Below, IntegrityChecker is using only about 10 CPU cores on a 28-core machine. It is being starved for data that should be arriving at 6.9GB/sec, but which macOS has degraded to 3GB/sec because of the caching overhead.

Poor CPU utilization on 28-core Mac Pro, with excessive kernel usage also

Below, the CPU history shows an excessive amount of system (kernel) CPU time being used (red), with the green stuff being the application usage. The reason is inefficient caching, so inefficient that caching overhead takes more time than just reading the data!

Excessive system-level CPU usage caused by inefficient macOS caching algorithm

IntegrityChecker log excerpt —  impacted by caching bug

The caching problems have throttled the speed to 2971 MiB/sec, taking ~43 minutes to complete for 7.45 TiB of data. That’s a performance loss of 55%.

Why not set a “no cache” flag? Because no such flag is available in the Java APIs. You have to descend way down into POSIX APIs to do so—not available in Java. The old Apple Carbon APIs had such a flag, and DiskTester and the native 'ic' IntegrityChecker could use them. But those APIs are deprecated and slated for removal.

Read on to see how this can be overcome/fixed by using 'sudo'.

diglloydMP:DIGLLOYD lloyd$ icj verify Work
# icj 2.0 2021-03-09 10:00
# ©2020 DIGLLOYD INC. All Rights Reserved.

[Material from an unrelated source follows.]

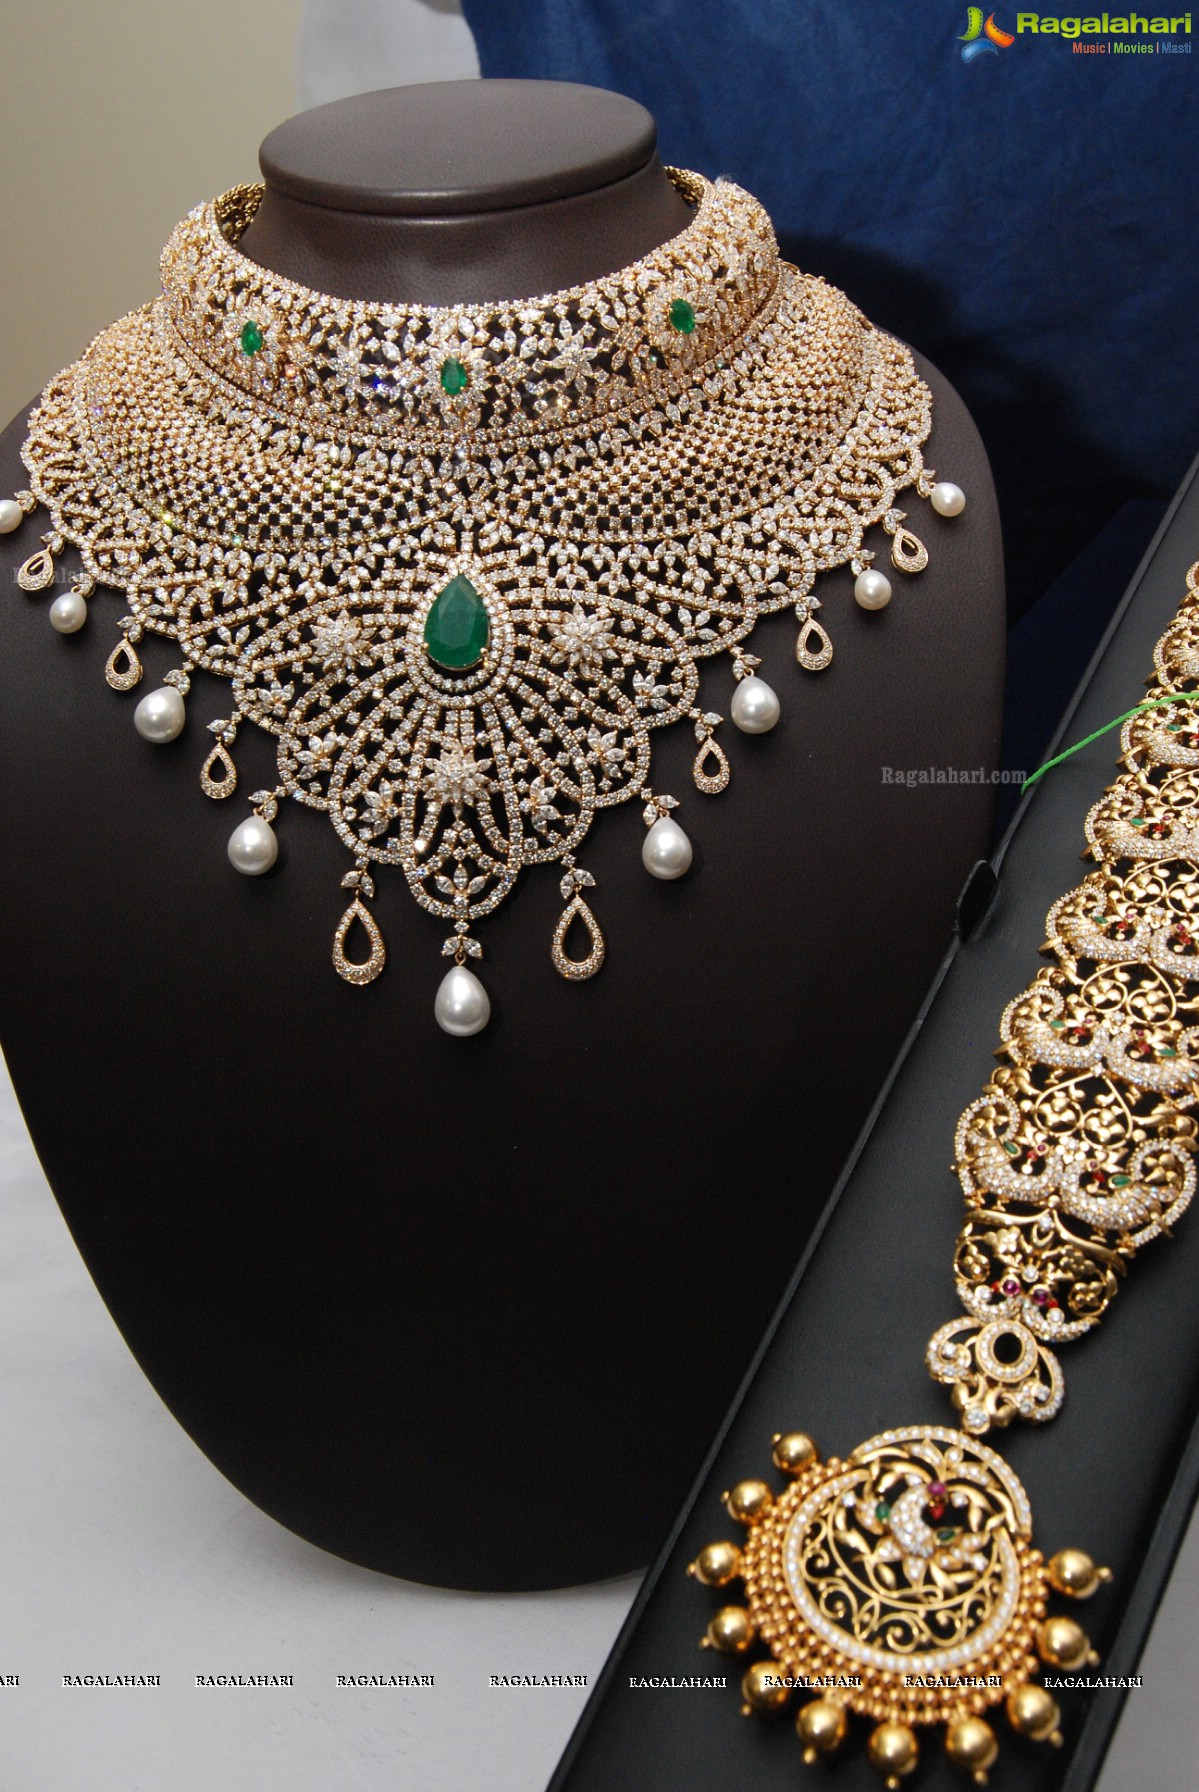 Kirtilals Largest Diamond Necklace Launch

Valid license required.  https://diglloydtools.com
# 2021-10-26 11:30:34 {USER=lloyd homeDir=/Users/lloyd OS=macOS}
Process folder: /Volumes/Work
...
# Hash data for 11773 folders containing 154269 files loaded in 3136 ms.
Hashing 154269 files totaling 7451.4 GiB in 11773 folders... 
0%: 505 files 18.8 GiB @ 6406 MiB/sec, 00:03.000
0%: 985 files 38.6 GiB @ 6579 MiB/sec, 00:06.000
0%: 1543 files 58.1 GiB @ 6613 MiB/sec, 00:09.001
1%: 2120 files 77.9 GiB @ 6642 MiB/sec, 00:12.0
...
5%: 8252 files 375.2 GiB @ 6399 MiB/sec, 01:00
...
6%: 8571 files 449.8 GiB @ 5900 MiB/sec, 01:18
...
8%: 12725 files 600.6 GiB @ 4996 MiB/sec, 02:03
...
10%: 15662 files 749.8 GiB @ 4407 MiB/sec, 02:54
...
12%: 19939 files 904.0 GiB @ 4109 MiB/sec, 03:45
...
15%: 25153 files 1121.3 GiB @ 3823 MiB/sec, 05:00
...
20%: 32835 files 1494.7 GiB @ 3437 MiB/sec, 07:25
...
99%: 153926 files 7427.8 GiB @ 2971 MiB/sec, 42:39
99%: 153982 files 7435.6 GiB @ 2971 MiB/sec, 42:42
99%: 154080 files 7443.6 GiB @ 2971 MiB/sec, 42:45
Waiting for 25 of 154269 files to finish...
100%: 154269 files 7451.4 GiB @ 2971 MiB/sec, 42:48

Checking overall status for 11773 folders... done.
========================================================================================================================
2021-10-26 12:13:27 : 11773 folders totaling 7451.4 GiB
/Volumes/Work
========================================================================================================================
# With hash: 154269
# Without hash: 0
# Hashed: 154269
# Missing Files: 0
# Missing Folders: 0
# Changed size: 0
# Changed date: 0
# Changed content + date, size unchanged: 0
# Total files differing: 0
# Num ignored folders: 5
# Num ignored files: 435
# SUSPICIOUS files: 0
icj done at Tue Oct 26 12:13:27 PDT 2021 runtime 42:53

Fixing the performance bug

Application developers cannot fix macOS kernel bugs. But sometimes a workaround exists.

When I discovered this issue with my 2019 Mac Pro and its 384GB memory, I also found that running the 'purge' command to to keep the amount of caching down greatly improved speed. Therefore, IntegrityChecker Java (icj), automatically execs 'sudo purge' frequently and continually. To do so, it must be run with 'sudo', because 'purge' is a privileged command.

With the macOS caching kept under control, data now arrives at about ~6.9GB/sec, and CPU usage by icj leaps accordingly from ~10 CPU cores to 18 to 24 CPU cores, such as shown here.

Poor CPU utilization on 28-core Mac Pro, with excessive kernel usage also

With the macOS caching kept under control, system CPU usage (red) drops dramatically while the application CPU usage (green) doubles. Since the 'purge' is also system CPU usage, the real reduction of caching overhead is even larger than it appears here. But the purge chews up an entire CPU core almost continually.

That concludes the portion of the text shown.